Proactive Defense Strategies for Your Enterprise Stack

Protecting against supply chain attacks requires a multi-layered approach.

1. Software Supply Chain Security:

   • Dependency Scanning: Integrate automated dependency scanning tools (e.g., Snyk, Dependabot, Renovate) into your CI/CD pipelines. This helps identify known vulnerabilities and malicious packages early.
   • SBOM Generation: Generate Software Bill of Materials (SBOMs) for all your applications. This provides visibility into your complete dependency tree.
   • Registry Monitoring: Monitor public package registries for suspicious activity or newly published packages with high similarity scores to legitimate ones.

2. Endpoint Detection & Response (EDR):

   • Deploy robust EDR solutions across all developer workstations and servers.
   • Configure EDRs to detect anomalous process behavior, unauthorized file access to sensitive directories (~/Library), and unusual network connections. Focus on processes initiating DNS TXT queries of suspicious lengths or to unknown domains.

3. Network Segmentation and Monitoring:

   • Zero Trust Architecture: Implement a Zero Trust network architecture. Segment your developer networks from production environments. Enforce granular access controls.
   • Egress Filtering: Implement strict egress filtering. Allow only necessary outbound traffic. Block all suspicious ports and protocols. Ensure outbound Port 53 traffic is inspected.
   • Deep Packet Inspection (DPI): Utilize DPI capable firewalls or proxies. Inspect DNS query contents for anomalies, unusual lengths, or TXT record misuse.

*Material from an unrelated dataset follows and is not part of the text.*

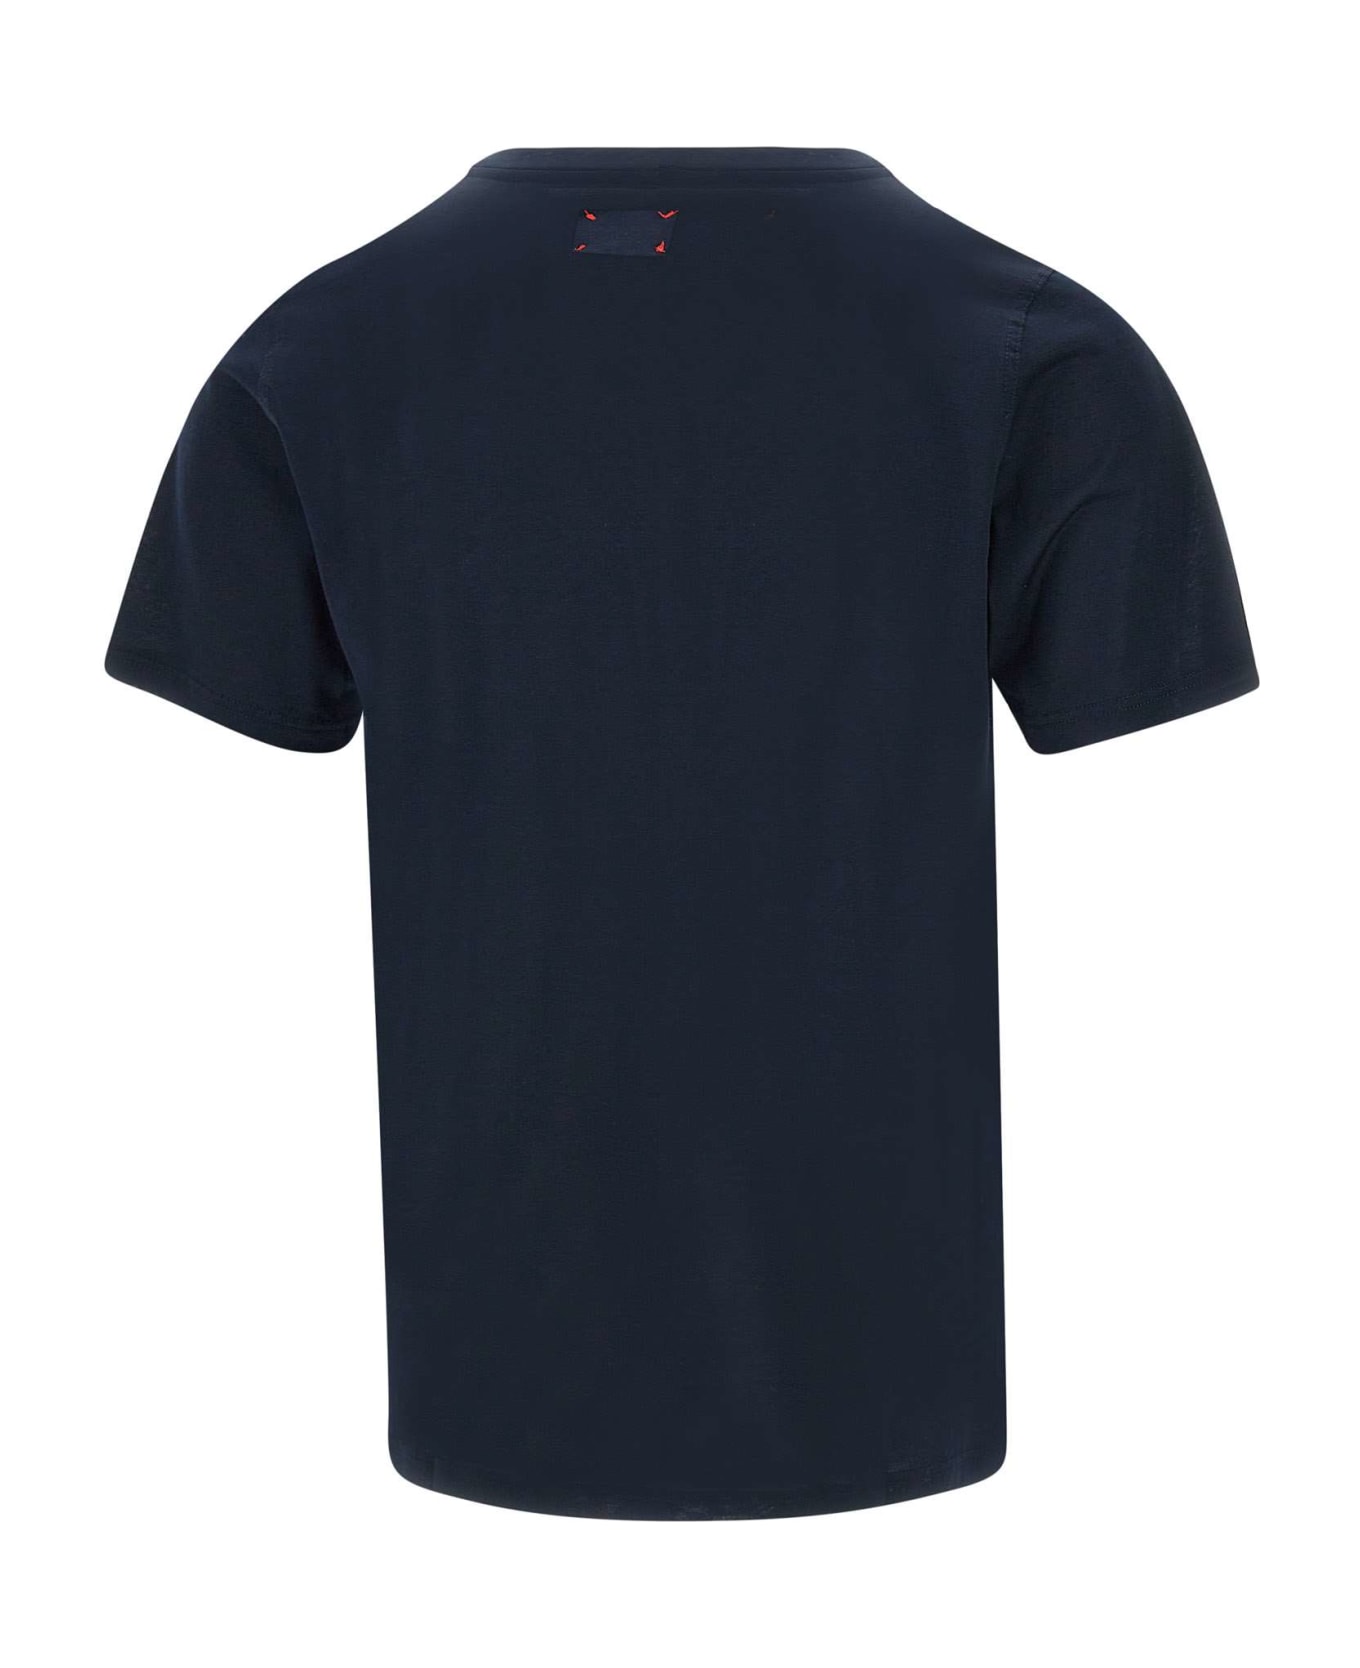 Kiton Cotton T-shirt - BLUE シャツ
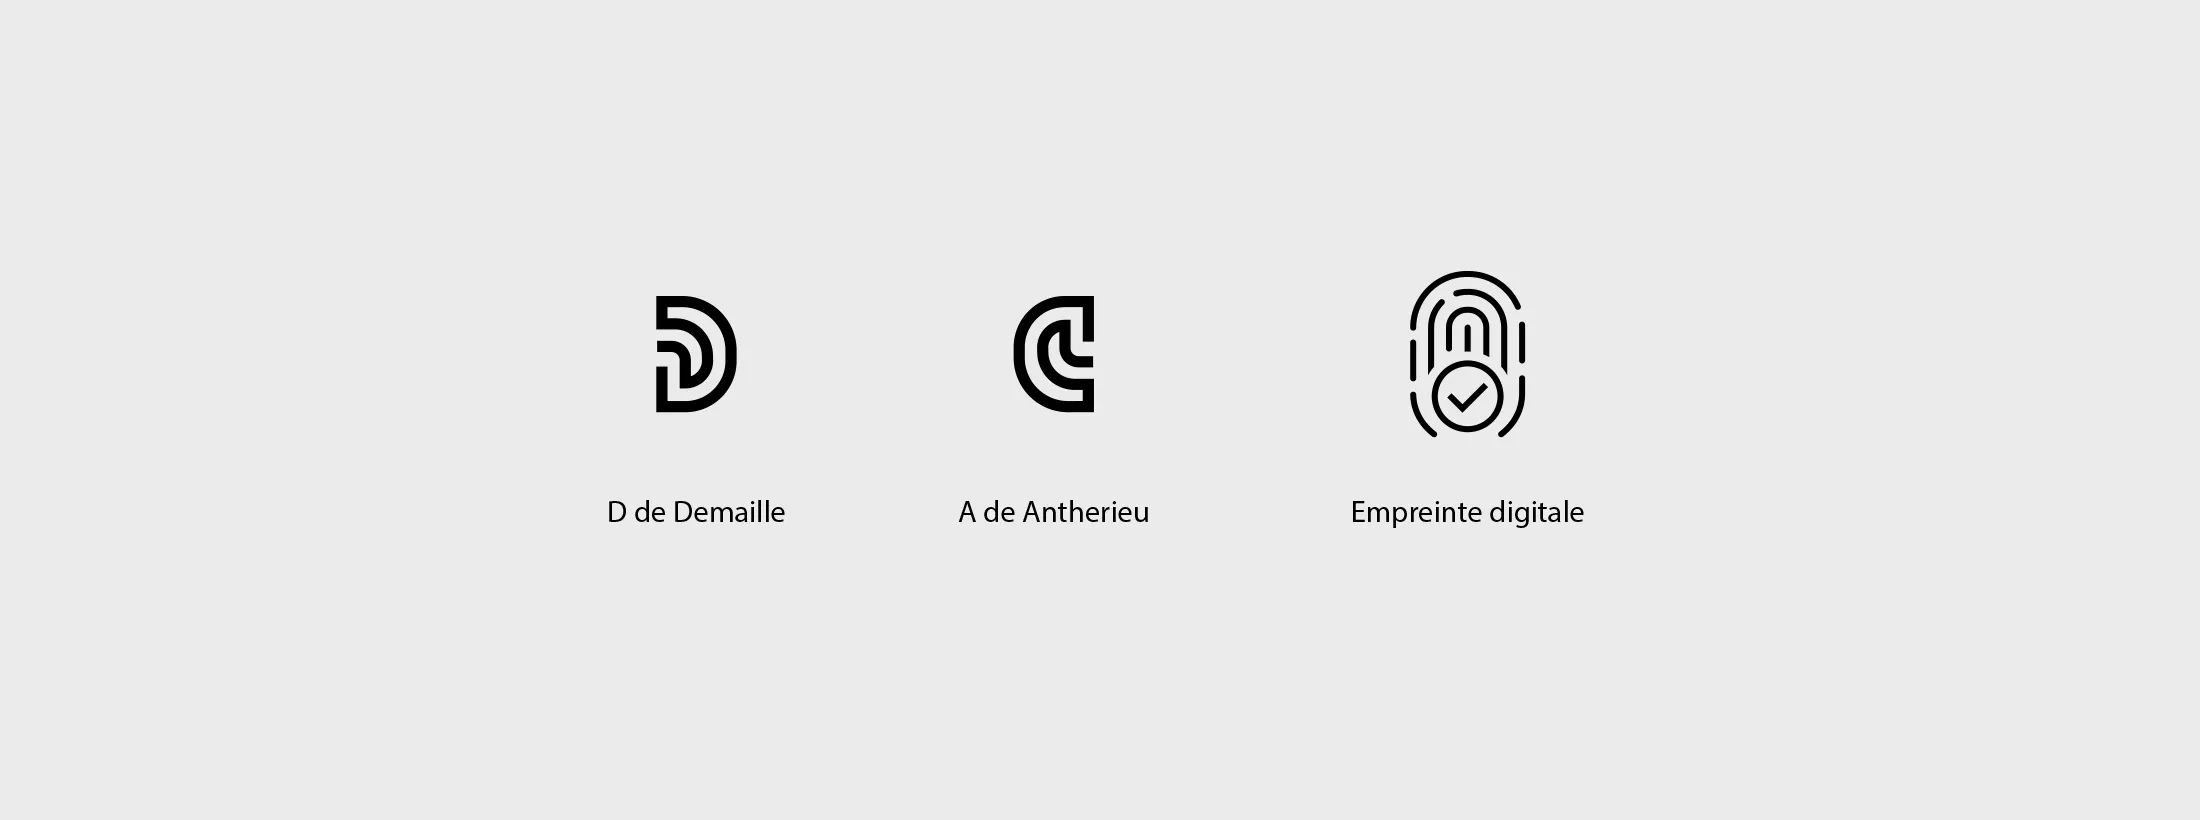 logo lumia branding brain phone design identite visuelle osb communication

4. Cloud Security Posture Management (CSPM):

   • Regularly audit your cloud configurations using CSPM tools.
   • Monitor for unauthorized credential usage, unusual API calls, or changes in resource policies in AWS, GCP, and Azure environments.
   • Enforce Principle of Least Privilege for all cloud identities.

5. Kubernetes Specifics (Leveraging ECK):

   • Image Scanning: Integrate container image scanning into your CI/CD pipeline. Scan for malicious packages or known vulnerabilities within your container images.
   • Admission Controllers: Implement Kubernetes Admission Controllers. Enforce policies like only allowing images from trusted registries. Prevent the deployment of pods containing known vulnerable packages.
   • Network Policies: Define strict Kubernetes Network Policies. Control egress traffic from pods. Ensure pods can only communicate with approved external services. Block all outbound DNS TXT queries to unauthorized endpoints.
   • Centralized Logging and Monitoring (ECK): Leverage Elastic Cloud on Kubernetes (ECK) to centralize all Kubernetes logs (pod logs, audit logs, network flow logs). Create detection rules within your Elastic Stack. Look for:
     • Unusual process execution inside containers.
     • Egress connections from pods to the identified C2s.
     • High volumes of DNS TXT queries from specific pods.
     • Creation of new scheduled tasks or modifications to startup folders within containers (if phantom_bot were to infect a container).

6. Incident Response and Malware Analysis (Using FlareVM):

   • Malware Analysis Environment: Maintain a dedicated malware analysis environment. Utilize tools like FlareVM.
   • Dynamic Analysis: If a suspicious package is identified, detonate it within FlareVM. Observe its network communications, file system modifications, and process behavior.
   • Static Analysis: Use FlareVM’s tools for static analysis. Deobfuscate scripts. Reverse engineer binaries. Understand the full payload functionality.

Indicators of Compromise (IOCs)

Block and monitor for these indicators within your environment:

Domains:

• sh[.]azurestaticprovider[.]net
• 87e0bbc636999b[.]lhr[.]life
• b94b6bcfa27554[.]lhr[.]life
• edcf8b03c84634[.]lhr[.]life

IP Addresses:

• 80[.]200[.]28[.]28

NPM Packages:

• node-ipc (versions 9.1.6, 9.2.3, 12.0.1)
• chalk-tempalte
• axois-utils
• @deadcode09284814/axios-util
• color-style-utils

GitHub Signature:

• Repository description: “A Mini Sha1-Hulud has Appeared”

Your proactive defense and rapid response are paramount. Attackers continuously refine their methods. You must stay vigilant.